When thinking about motor learning, I love self-limiting exercise and use it in a rehab context as often as possible so that a person will stop trying to think their way through moving better and instead will just move better. But skill specificity extends beyond building capacity or training movement generally.
Specificity of the Kettlebell Swing, part 2
If you’re a rugby forward, I’m not looking for you to do the kettlebell swing because it makes you more explosive in a general sense. I’m looking for you to perceive the kettlebell swing as the load and the pop that you apply when you tackle. See yourself making an incredible tackle with every swing that you do.
If I don’t give you that intention each time you do a kettlebell swing, then there’s the risk that you start trying to be great at the kettlebell swing. Being great at the kettlebell swing is stupid for a rugby forward. Becoming great at tackling through training the kettlebell swing is excellent.

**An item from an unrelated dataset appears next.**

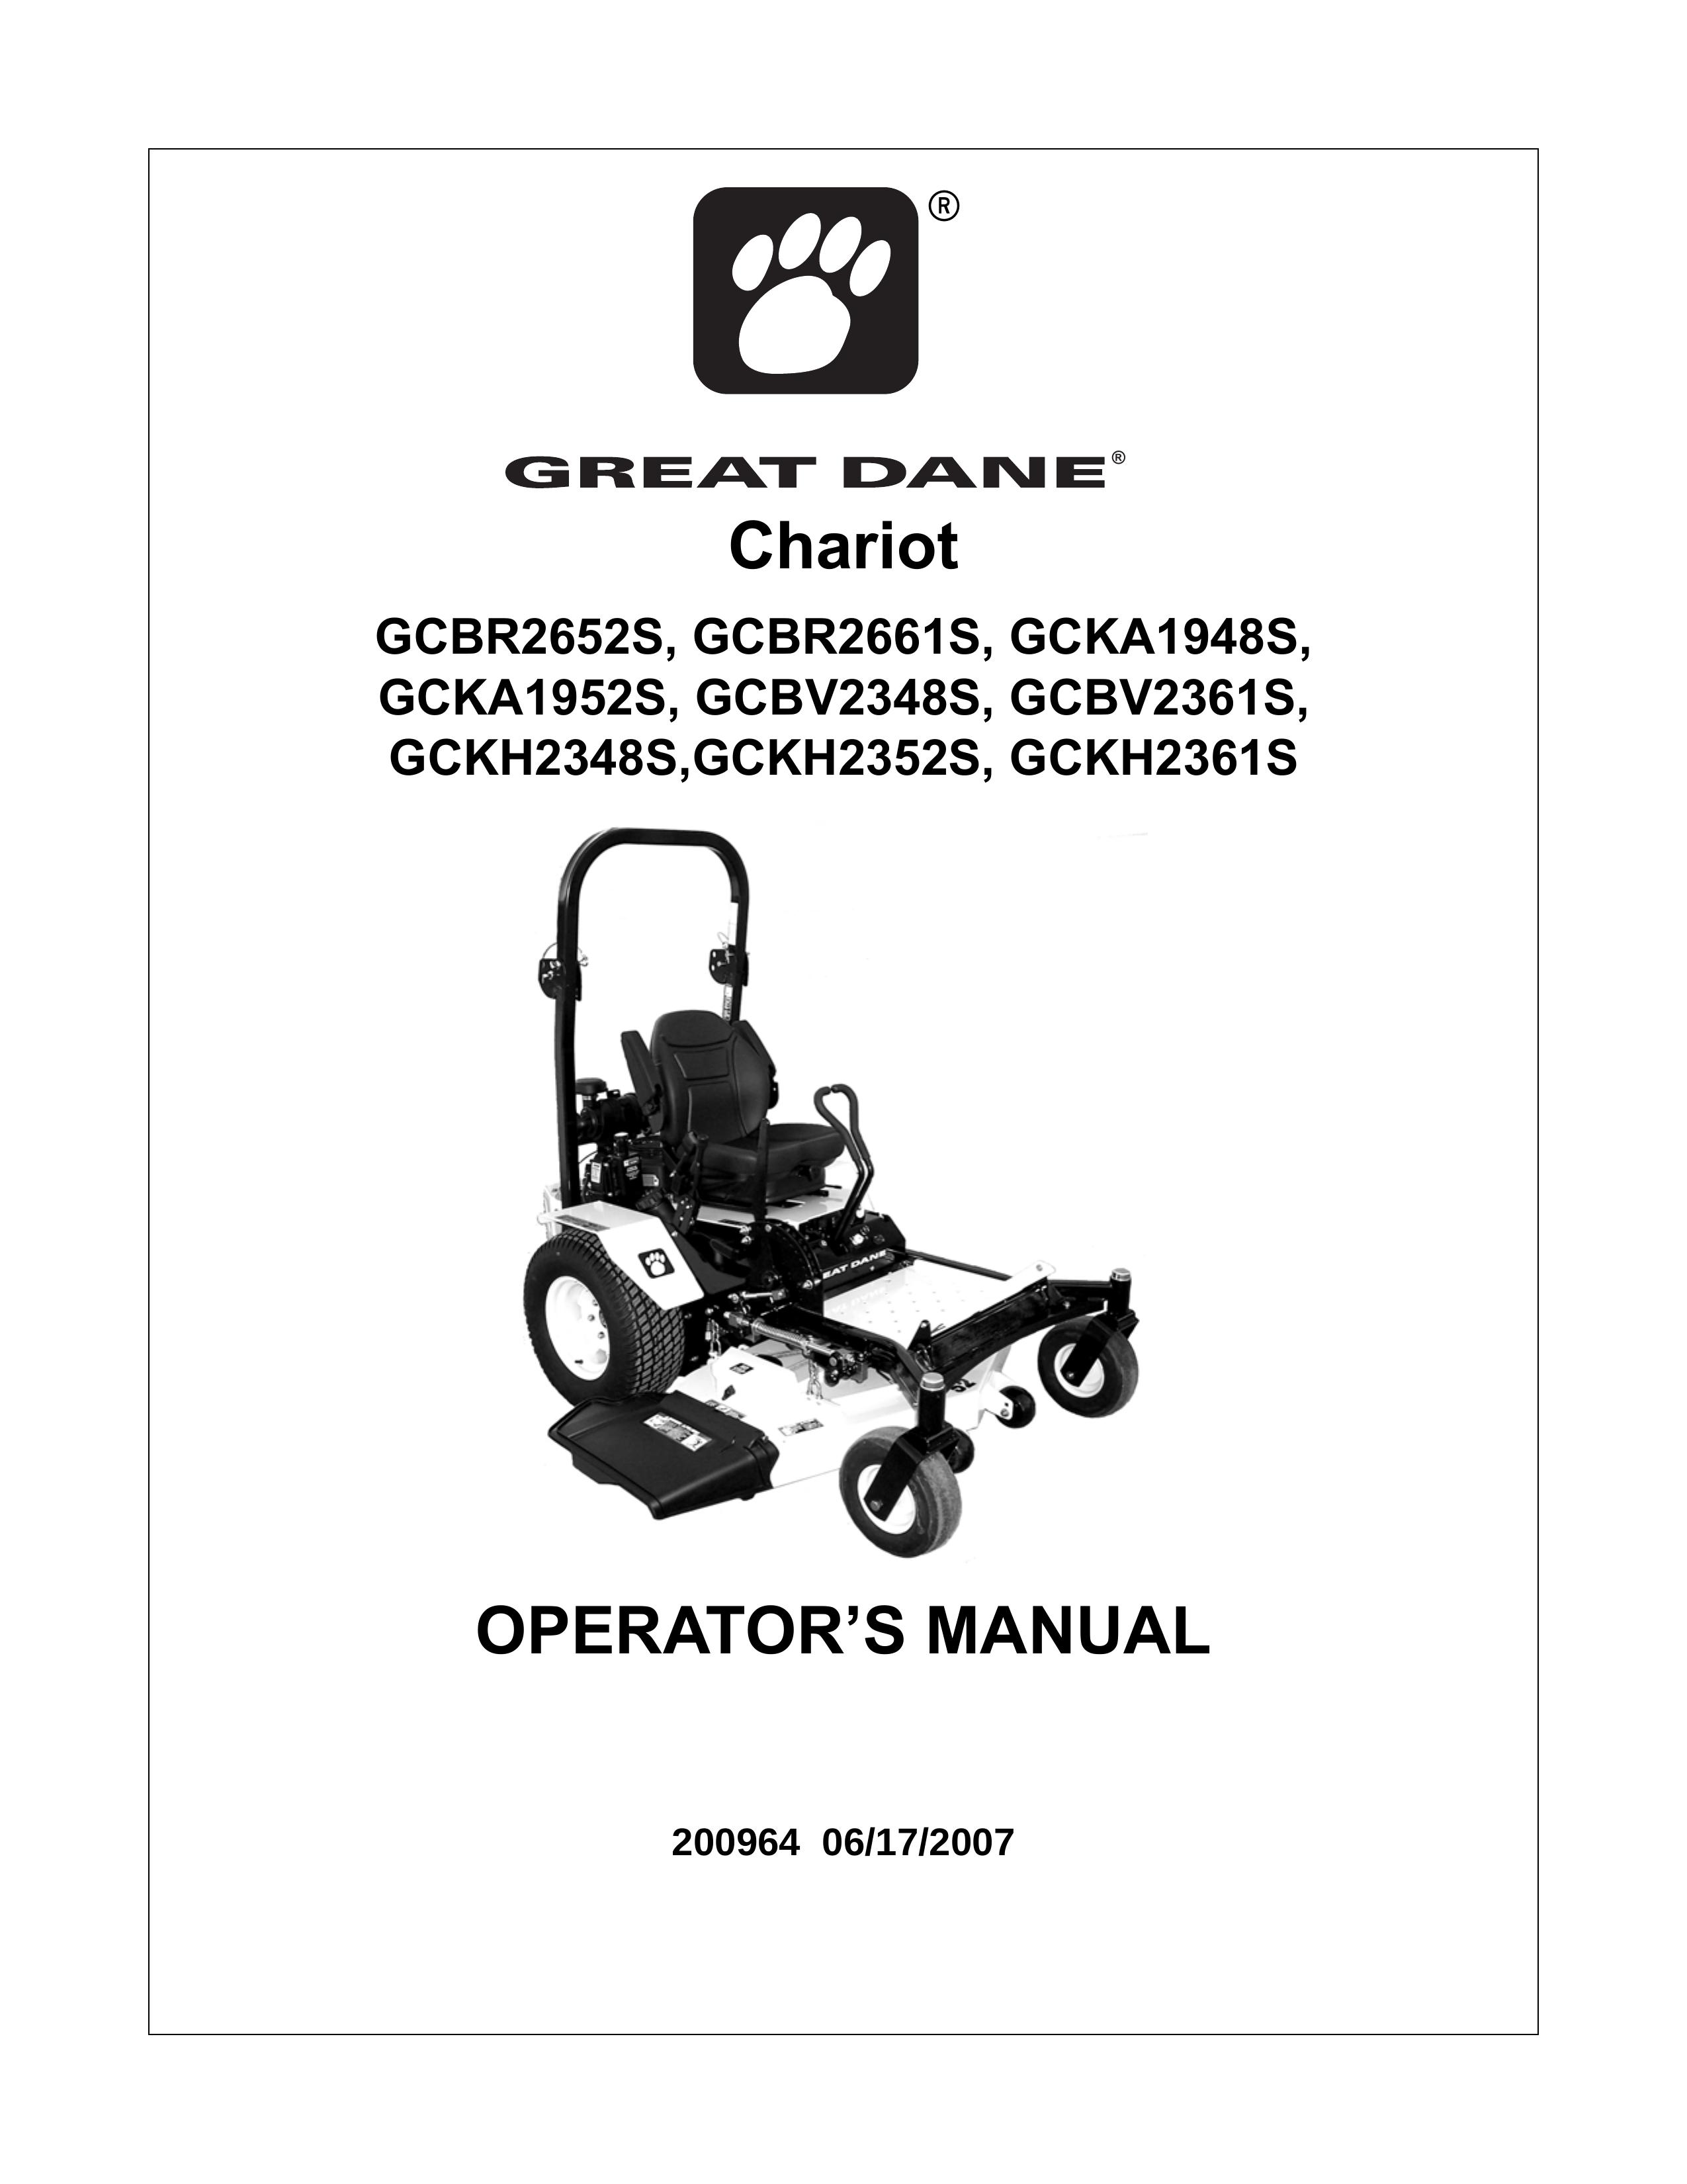 Great Dane GCKA1948S Lawn Mower User Manual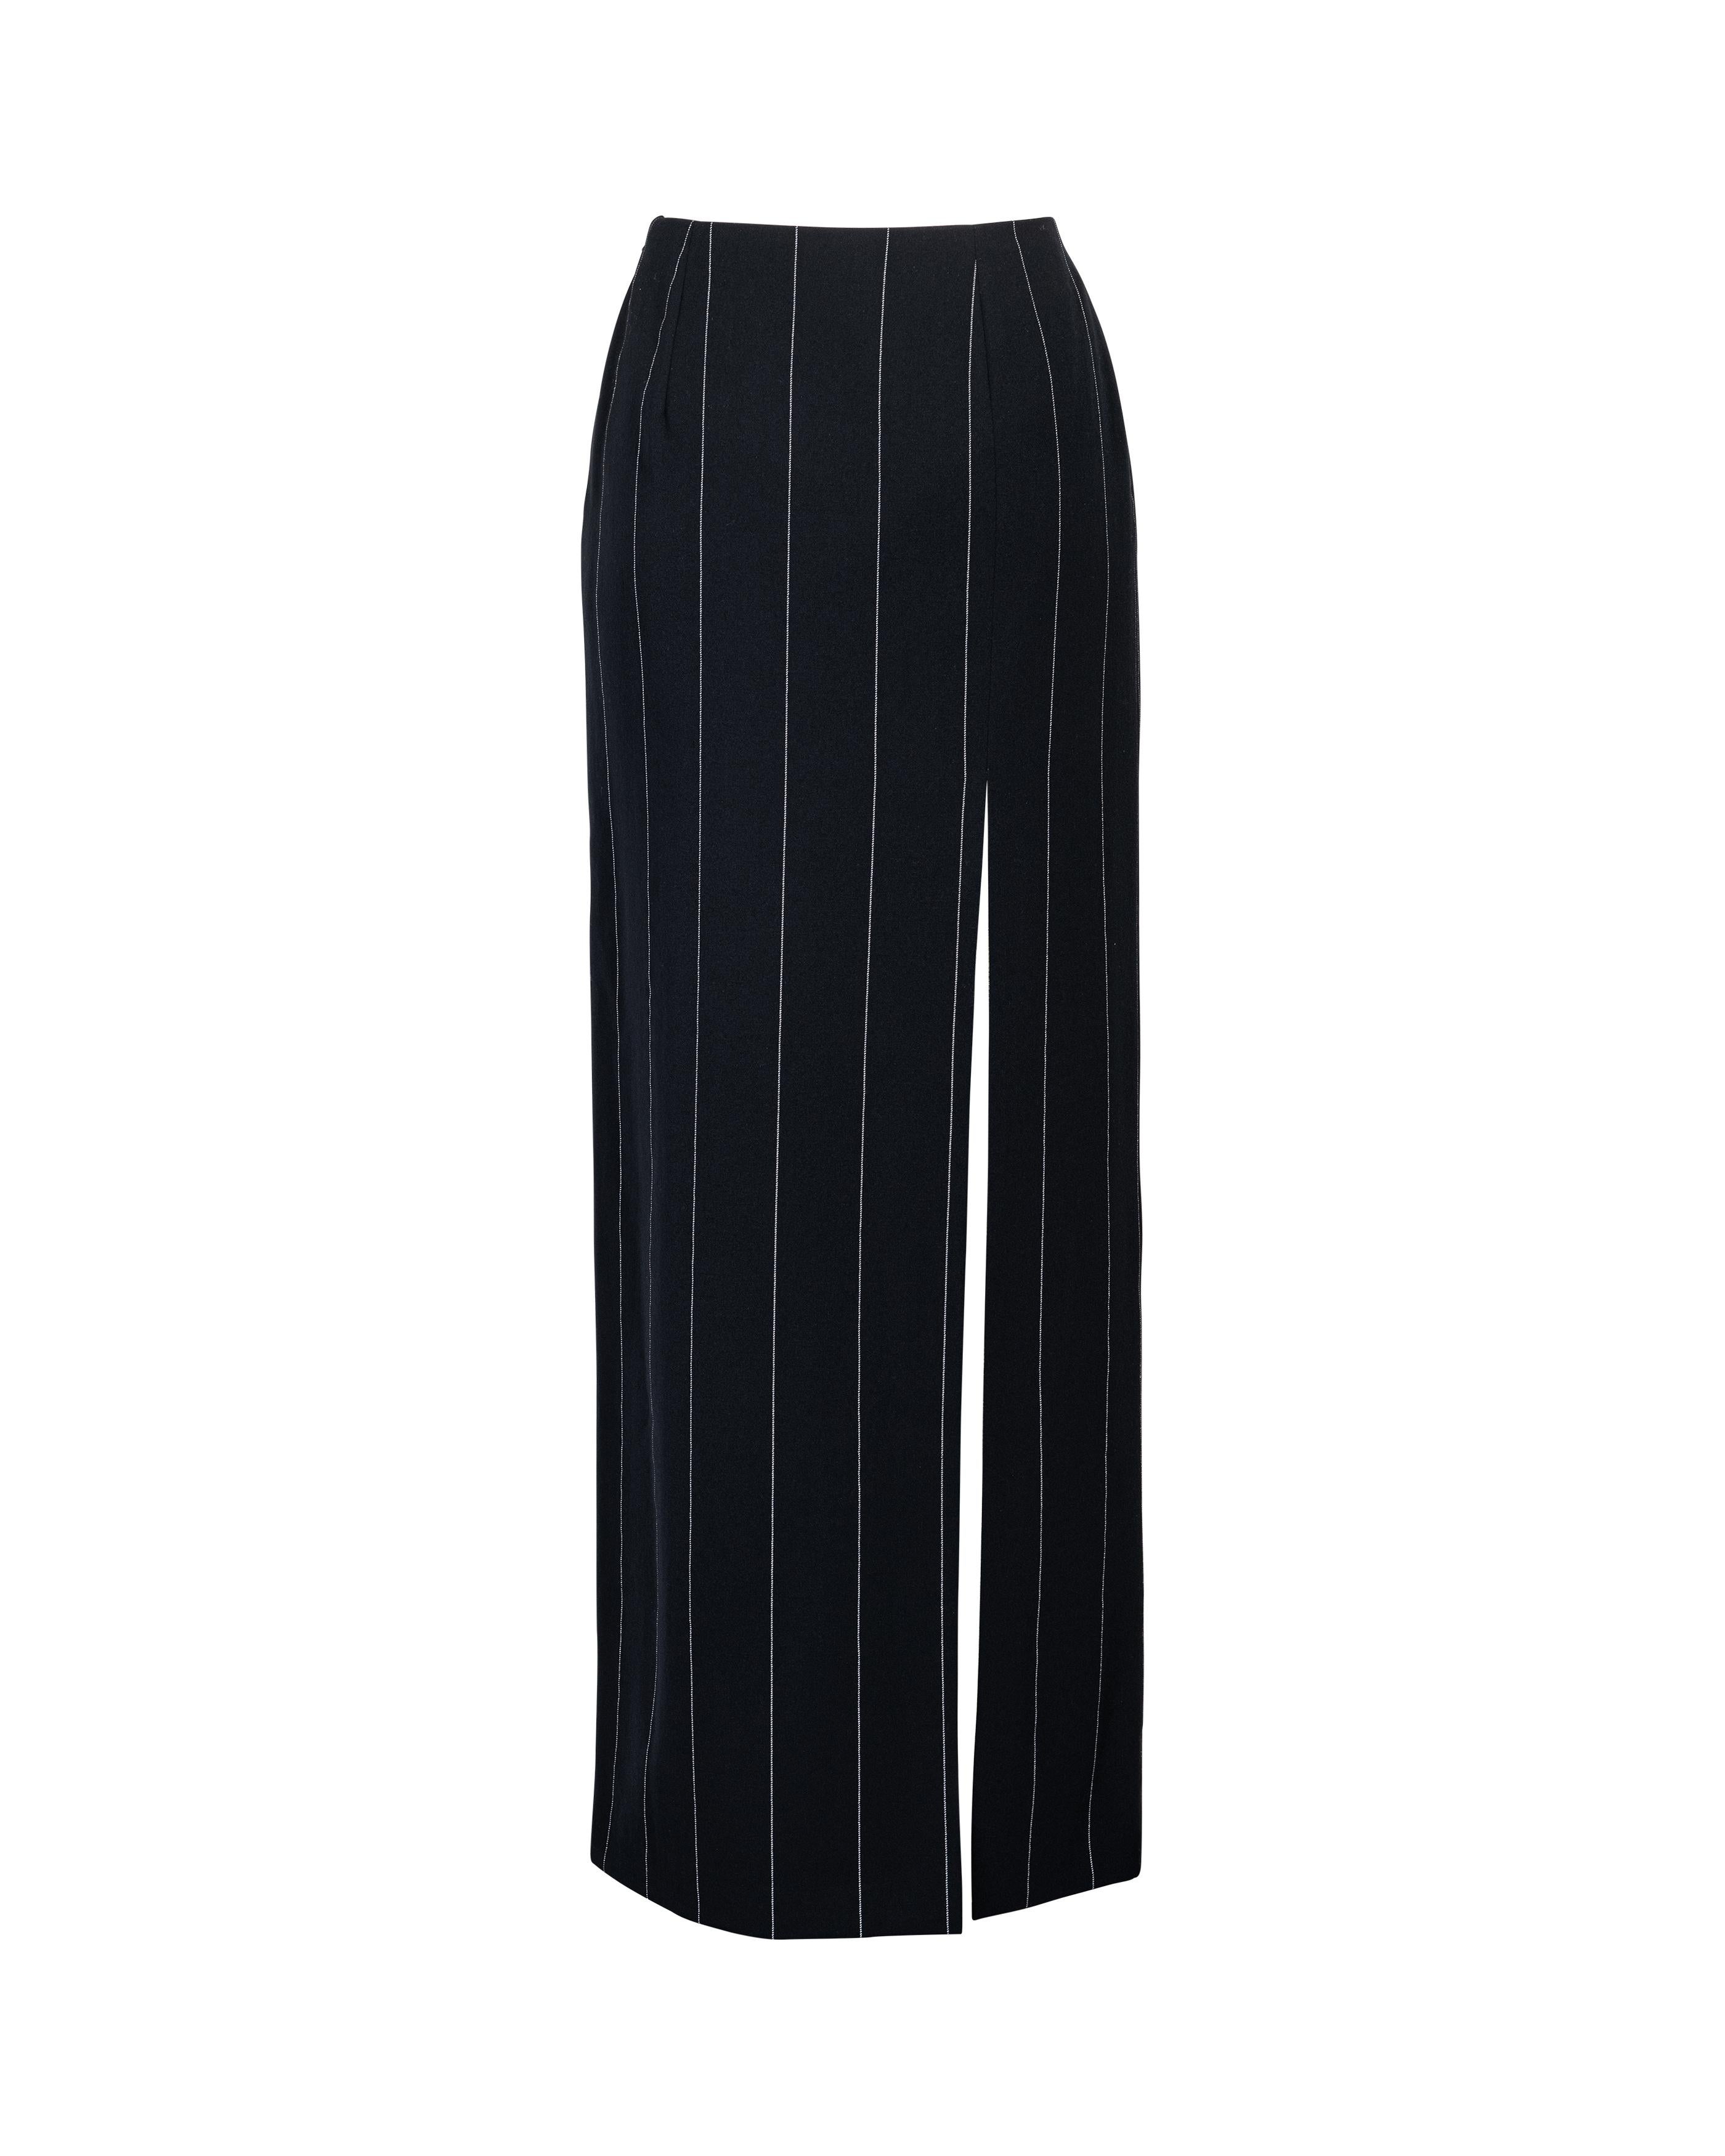 Women's A/W 1998 Gianni Versace Deep Navy Pinstripe Skirt

See, the kettlebell swing is a great training exercise. But it serves a different need for me as a hurdler compared to my old rugby teammates. That’s okay; the difference is all in our heads!
Don’t Be A Practice Hero – Get Better Instead
If you’re drilling something, it’s not to be amazing at the drill (unless you’re *trying* to be a practice hero); it’s so that you can correct a deficiency and make your competitive skill as perfect as possible.
Bring intention to every one of your drills and to every one of your accessory lifts. Bring intention to every single moment you’re at practice and while working on your technical skill. You’ll find this exhausting. You’ll also find that you get better quickly.
That is Ericsson’s concept of deliberate practice.
Exercise (drill) and intention (skill) specificity are how you get the most out of every moment at practice.
So that — clarity about the goal and imagining each drill as part of the goal — the specificity of specificity — is what you should focus on during practice.